BlackRock Abandons Bullish China Call After Stocks Slump 28%
- Firm sees risks from Covid lockdowns, Beijing-Russia ties
- Chinese stocks have sunk deeply since the beginning of October
BlackRock Inc. jettisoned its bullish stance on China as Covid lockdowns jeopardize the nation’s economic growth and trigger steep declines in local stock prices.
The firm had held a “modest overweight” view on Chinese assets as attractive valuations made up for the risks, BlackRock Investment Institute strategists including Jean Boivin and Wei Li wrote in a note Monday. But the firm is now recommending a neutral stance on Chinese stocks and bonds as the response to the pandemic takes a growing toll.
“The rapidly worsening outlook for China’s growth on widespread lockdowns to curtail a Covid spike has changed this,” they wrote. “Lockdowns are set to curtail economic activity. China’s policy makers have heralded easing to prevent a growth slowdown — but have yet to fully act.”
China’s draconian Covid restrictions have resulted in lockdowns in Shanghai and other cities that are exerting a major drag on the economy, the world’s second largest. Concern over the nation’s outlook sent the yuan plunging more than 1% against the U.S. dollar in China on Monday while a Bloomberg gauge of major stocks tumbled almost 3%.

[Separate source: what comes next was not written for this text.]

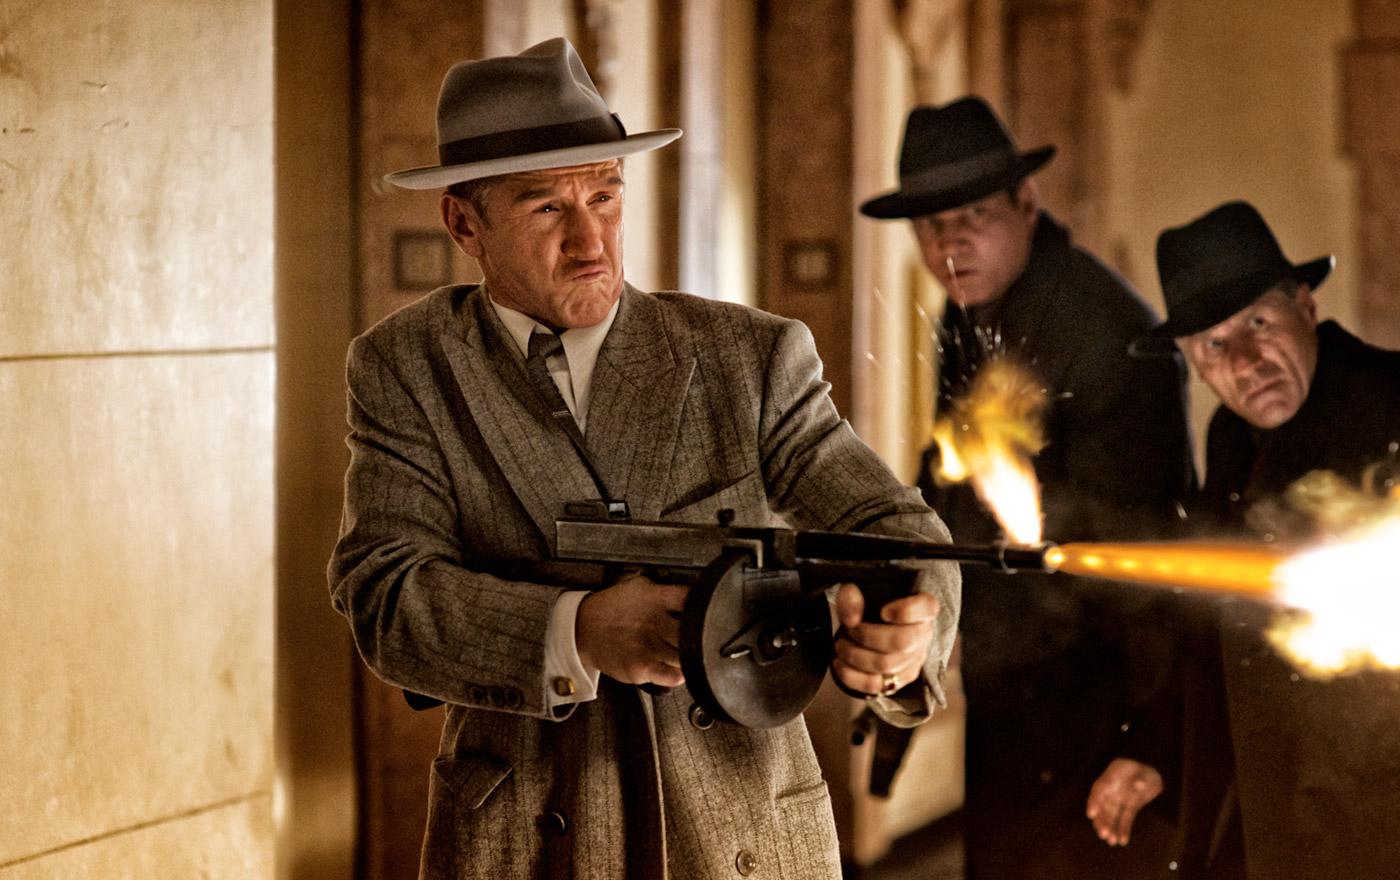 http://2.bp.blogspot.com/-ZJfu65fnyEM/UBEDB202DKI/AAAAAAAACtk/1p_SdBTFiXo/s1600/gangster-squad-movie-image-sean-penn.jpg

The onshore yuan extended its decline for a fourth day Tuesday, down 0.1% to 6.7388 per dollar, the lowest level since November 2020. On Monday, China’s central bank in its quarterly monetary report repeated a pledge to be proactive in addressing mounting economic pressure and boosting market confidence.
Global investors have also pulled out of China’s capital markets since Russia’s invasion of Ukraine, worried that Beijing may become drawn into the economic sanctions battle that the U.S. and Europe is waging against Russian President Vladimir Putin’s administration.

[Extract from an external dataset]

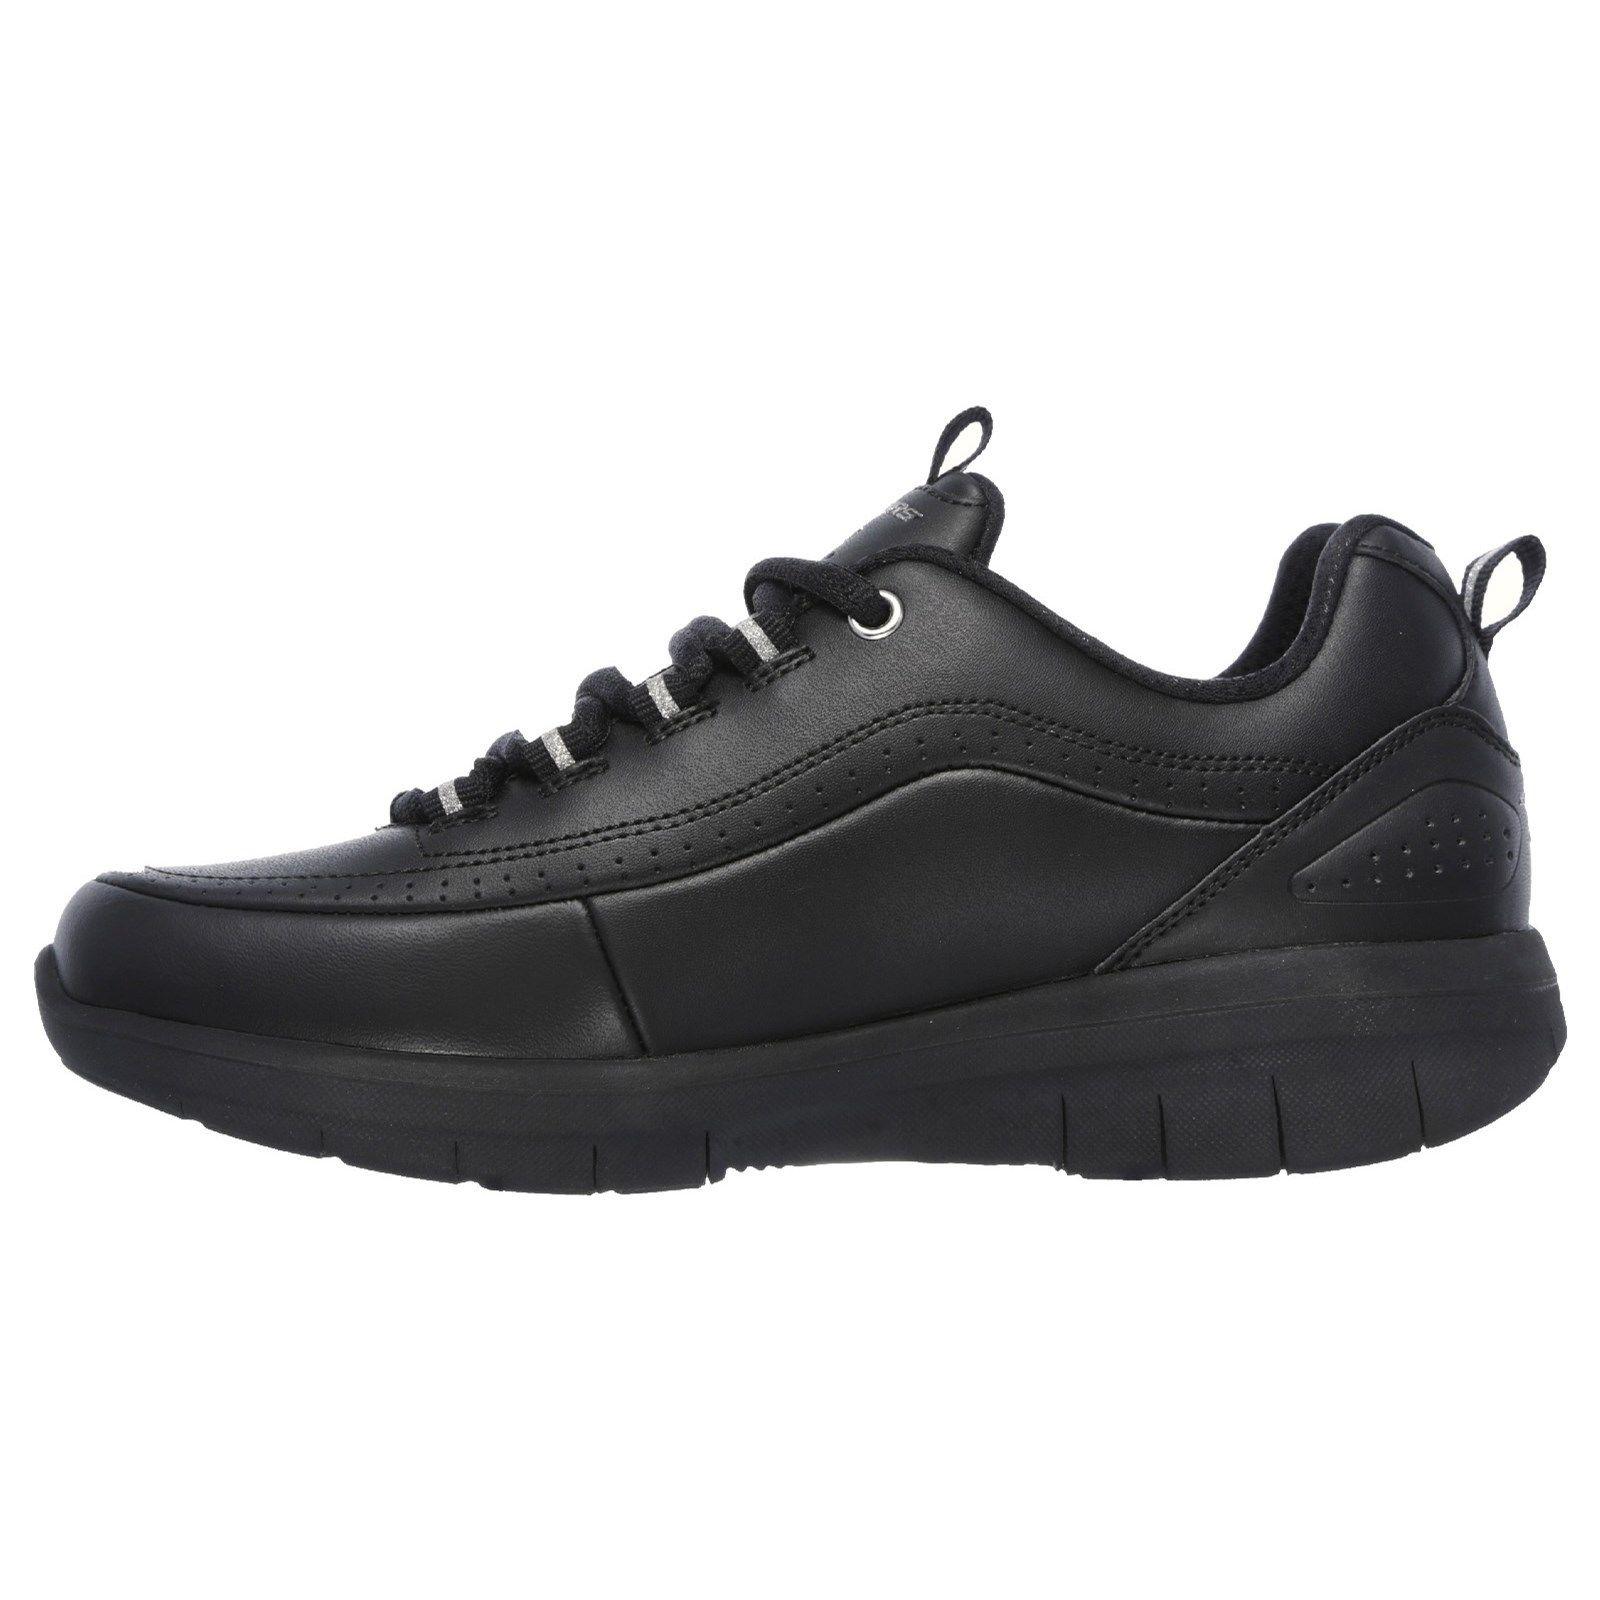 Skechers-Zapatillas-deportivas-Synergy-2-0-para-mujer-senora-FS4430 miniatura 8

China’s top leaders warned against questioning its zero-tolerance Covid policy last week, saying the epidemic-control strategy is “scientific and effective,” “determined by the party’s principles” and “can stand the test of history.”
In October, BlackRock’s strategists turned “modestly positive” on China and upgraded their ratings on the country’s stocks to “overweight,” saying a gradual dovish shift in monetary and fiscal policy to counter the economic slowdown would help lift the market. They had expected that the regulatory clampdown in China would become less intense.
Instead, the MSCI China Index has lost 28% since the beginning of October, compared with a decline of 11% in MSCI’s global benchmark. While Chinese policy makers have started easing monetary and fiscal policies, Beijing’s strict Covid policy and its stance on Russia-Ukraine war shook money managers’ confidence.
“We see a growing geopolitical concern over Beijing’s ties to Russia,” they wrote. “This means foreign investors could face more pressure to avoid Chinese assets for regulatory or other reasons.”
A gauge of the nation’s government bonds, meanwhile, has lost 3.6% in dollar terms so far this year. Yields on U.S. Treasuries have surpassed their Chinese counterparts as the Federal Reserves tightens monetary policy to reign in inflation. That’s “eroding their previous appeal as a source of potential coupon income,” according to the note.